Don’t Forget About the GSEs And Their Government Guarantee

This is a syndicated repost courtesy of Online Course Notes For Financial Markets and Banking. To view original, click here. Reposted with permission.

I am speaking today at an American Action Forum event in Washington DC at noon entitled “The Future Of Housing Finance Reform.” Also speaking will be affordable housing guru Laurie Goodman from The Urban Institute with Politco’s Lorraine Woellert moderating.

Meghan Milloy of the American Action Forum penned a nice editorial in advance of the event entitled “Don’t Forget About the GSEs.” Here is a taste:

“It’s been ten years since Fannie Mae and Freddie Mac (the government-sponsored enterprises, or GSEs) went into government conservatorship following the height of the financial crisis. After that much time and a number of new policy challenges in the interim, it might be easy to forget about the GSEs and the financial risks they still pose. This would be a mistake. Fannie and Freddie remain actively dangerous systemically important financial institutions (SIFIs), and their policies have started to slip back to where they were before the crisis.”

The problem stems from the government guarantee, whether explicit or implicit. All the proposals flying around Washington DC all carry a government guarantee in one form or another. And with FHFA Director Mel Watt’s term ending in January, it is time to do something.

In short, I will be recommending returning Fannie and Freddie into the market in a privatized form (releasing them from conservatorship). But without a government guarantee or affordable housing goals. But with a twist.

Ed Demarco, the previous FHFA Director, attempted to move Fannie and Freddie towards privatization (or shut down) by introducing credit risk sharing notes where mortgage default risk is transferred from Fannie and Freddie to private market investors. But that has been slow moving.

Here is my suggestion.

We adopt the Options Clearing Corp (OCC) model. The OCC clears all listed US equity and index options and is owned by the options exchanges.
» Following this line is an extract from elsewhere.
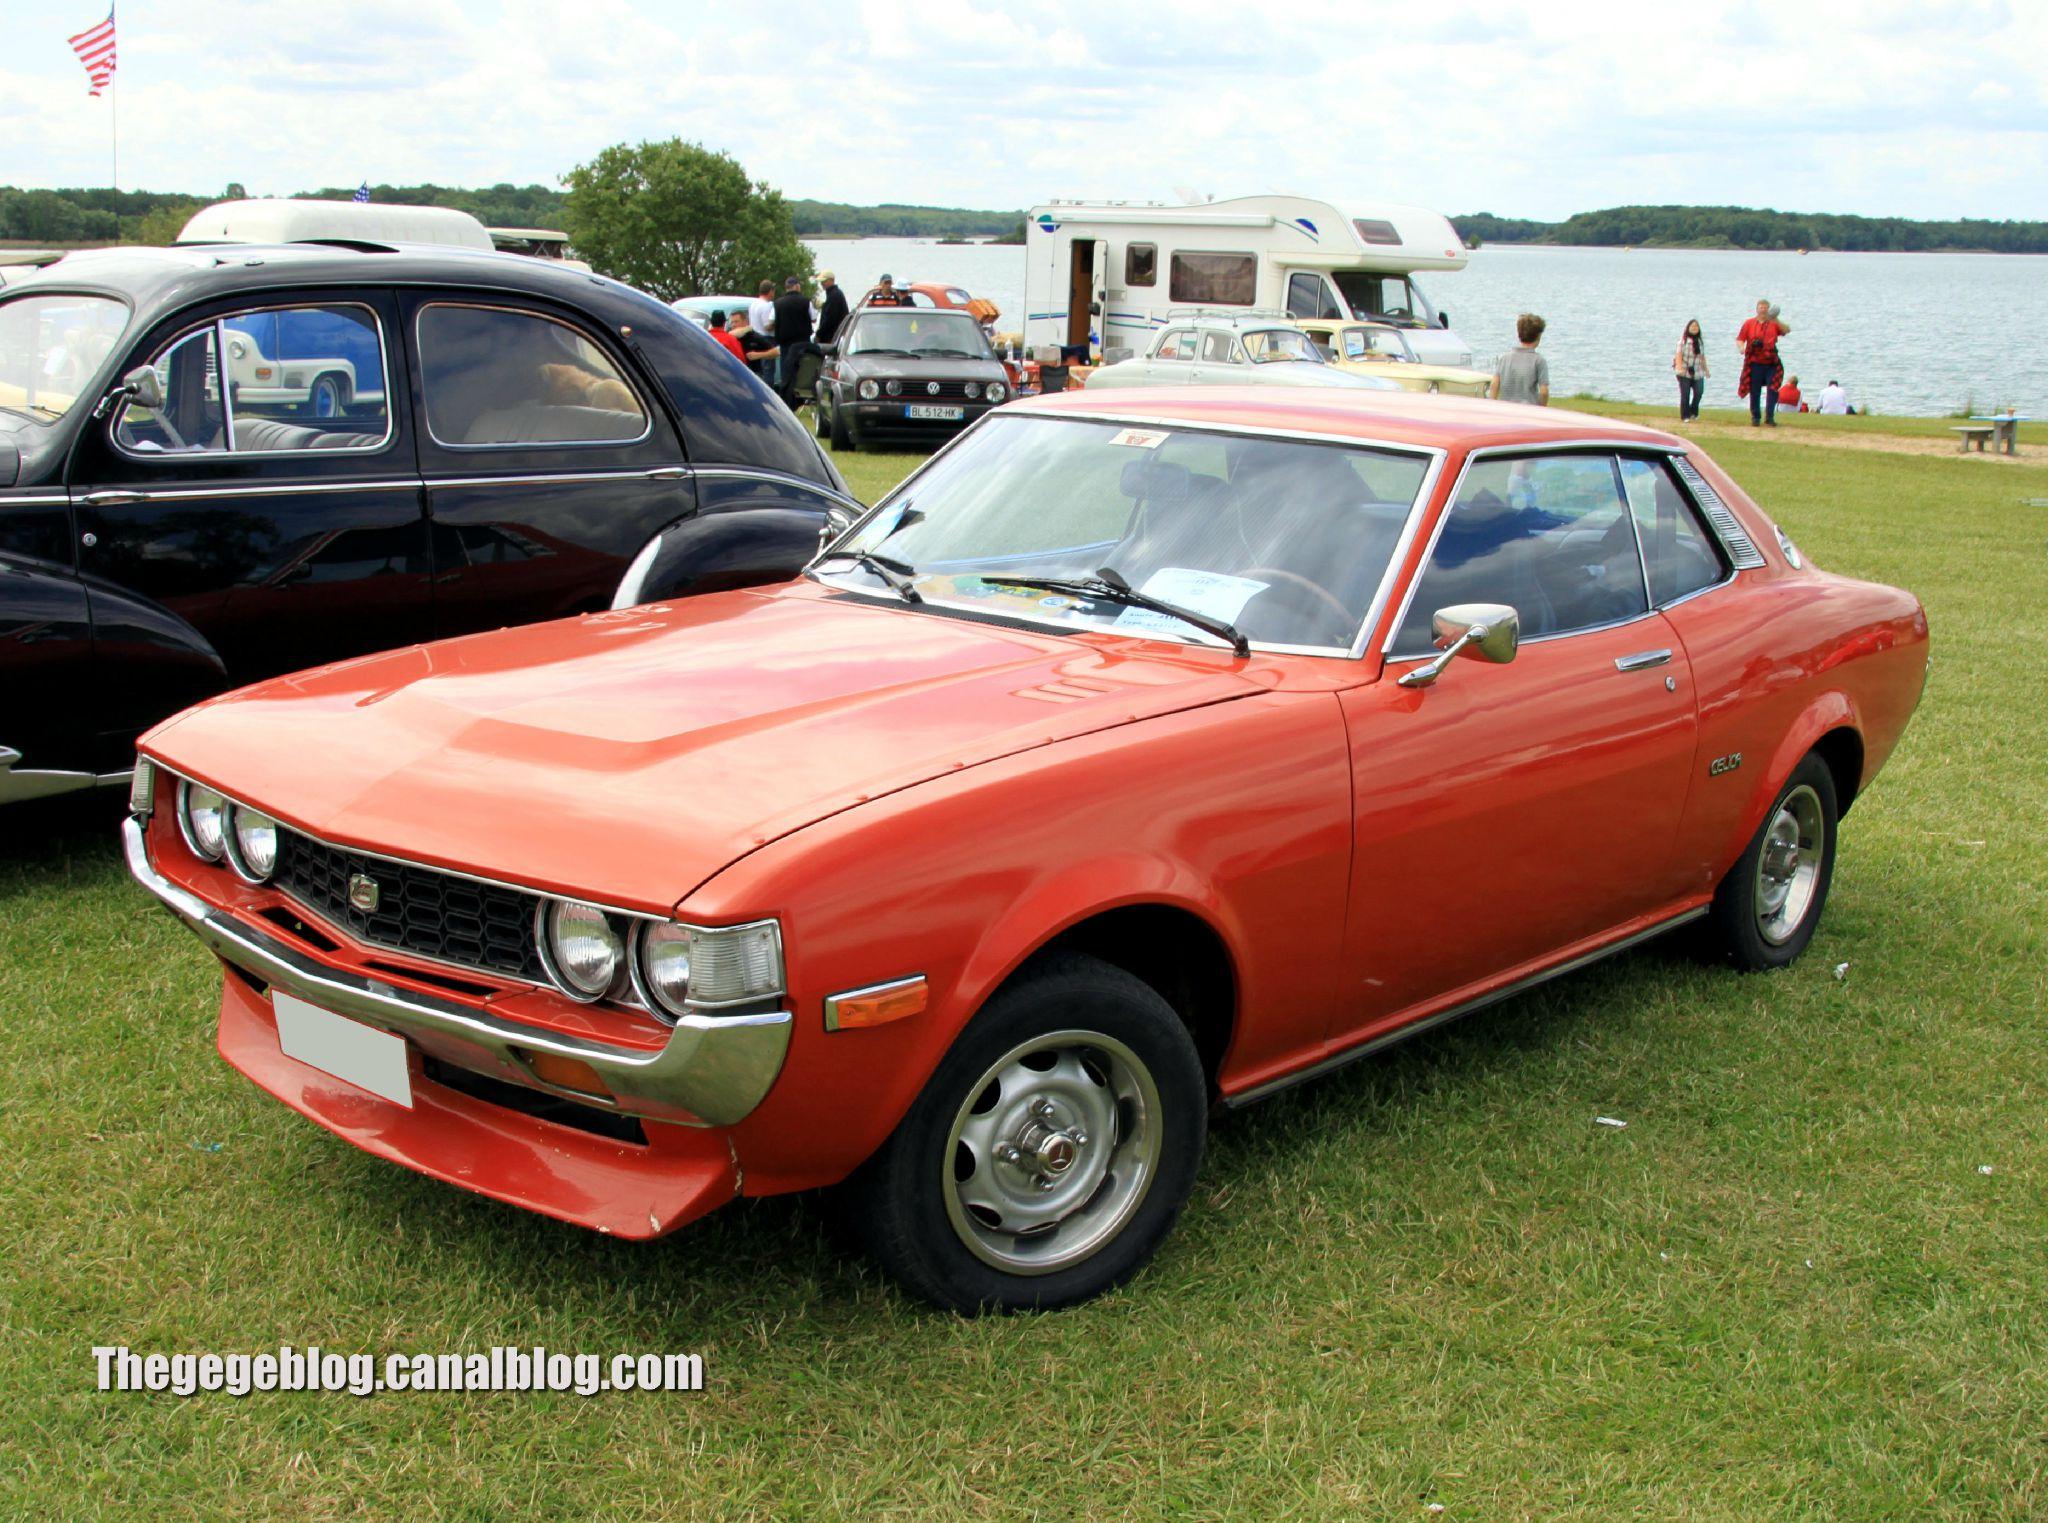 Toyota celica ST de 1976 (Retro Meus Auto Madine 2012) 01

But the OCC is capitalized by the clearing members (banks and broker/dealers), who also post risk-based margin on behalf of their customers. Default risk is mutualized among the members. While a few large firms dominate the risk (e.g., BAML, Goldman, Morgan Stanley), these same large members are posting the largest amount of risk-based margin and default-fund capital. Mutualizing the risk of the GSEs is the key, just as is mutualizing the risk of the members of a central counterparty. I think the OCC model could work well for the GSEs and the lenders. No guarantee and no affordable housing goals.

Wasn’t that simple?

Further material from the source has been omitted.